Since we explicitly represented in the model the interaction terms between time and the different factors, we can inspect how they contribute to the estimation. In fact, sorting the 24 coefficients representing the interactions allows us to characterize the temporal shape of each factor. An important aspect of the resulting coefficients is that, since we fit the model including all features, they describe the contribution to the prediction by controlling for all the other factors.
The figure shows the temporal shapes of the topics organized in the five top-level groups. The plot highlights how articles about STEM topics, such as Chemistry, Physics, and Mathematics, tend to receive more attention than average during the daytime and a visible reduction outside the typical working hours. On the other hand, articles about Films, Television and Biographies have an inverted shape, with less consumption than average during the day and a substantial increase during the evening. Interestingly, the shapes of the temporal patterns suggest that content about Video Games, Comics & Anime, Internet Culture, Military, and Society are consumed by night-owl readers, which drives the relative consumption to peak during the night.
Differently, the consumption of articles about Radio, Libraries & Information, and Philosophy, shows to be more imbalanced toward the early hours of the day.
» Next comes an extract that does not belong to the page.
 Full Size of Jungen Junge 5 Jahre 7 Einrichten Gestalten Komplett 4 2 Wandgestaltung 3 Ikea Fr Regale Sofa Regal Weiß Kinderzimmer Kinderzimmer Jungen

Some of the shapes, especially the ones associated with STEM articles, show a reduction of attention around noon, suggesting that they might be affected by the lunch break when people's attention moves to other content types. This is corroborated by the fact that attention on articles about Food registers increase during common meal times.
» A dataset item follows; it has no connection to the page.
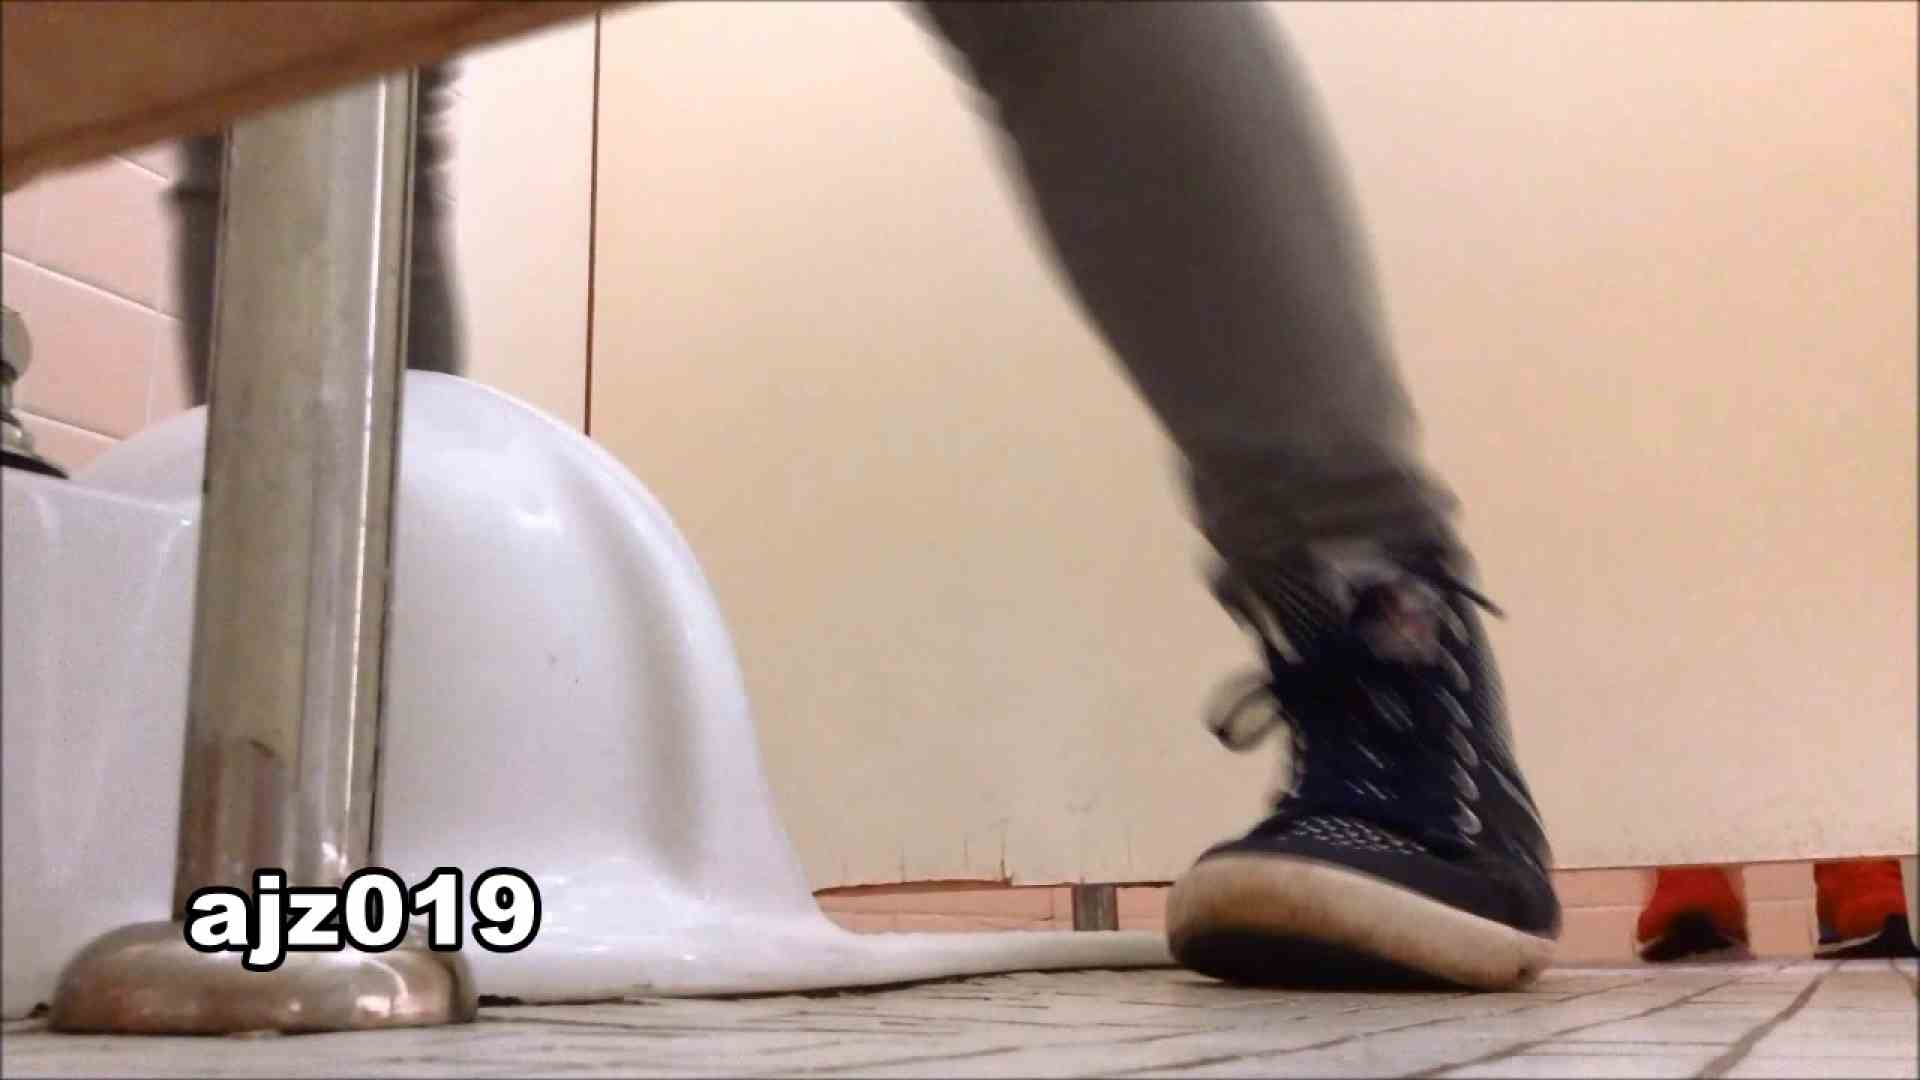 某有名大学女性洗面所 vol.19 潜入 オマンコ無修正動画無料 84pic 28

Next, the figure shows the interaction coefficients of the countries with time. Some countries share similar daily patterns. For example, readers from the United States, Germany, Netherlands, and Nigeria tend to consume Wikipedia more than average in the early morning. This behavior is inverted for readers from India, Ireland, Italy, and Spain, where during the same hours, consume less content than average. Meanwhile, other countries, such as Malaysia, Singapore, Brazil, Russia, and Pakistan, show higher consumption during the night. Furthermore, some countries, like the Philippines, Italy, France, and Spain, reveal shared habits, such as a reduction of information consumption around noon, possibly associated with lunchtime.
Finally, investigating the coefficient describing the access method, we observe that access from desktop devices is above the global average in the central hours of the day: between 9 AM and 5 PM.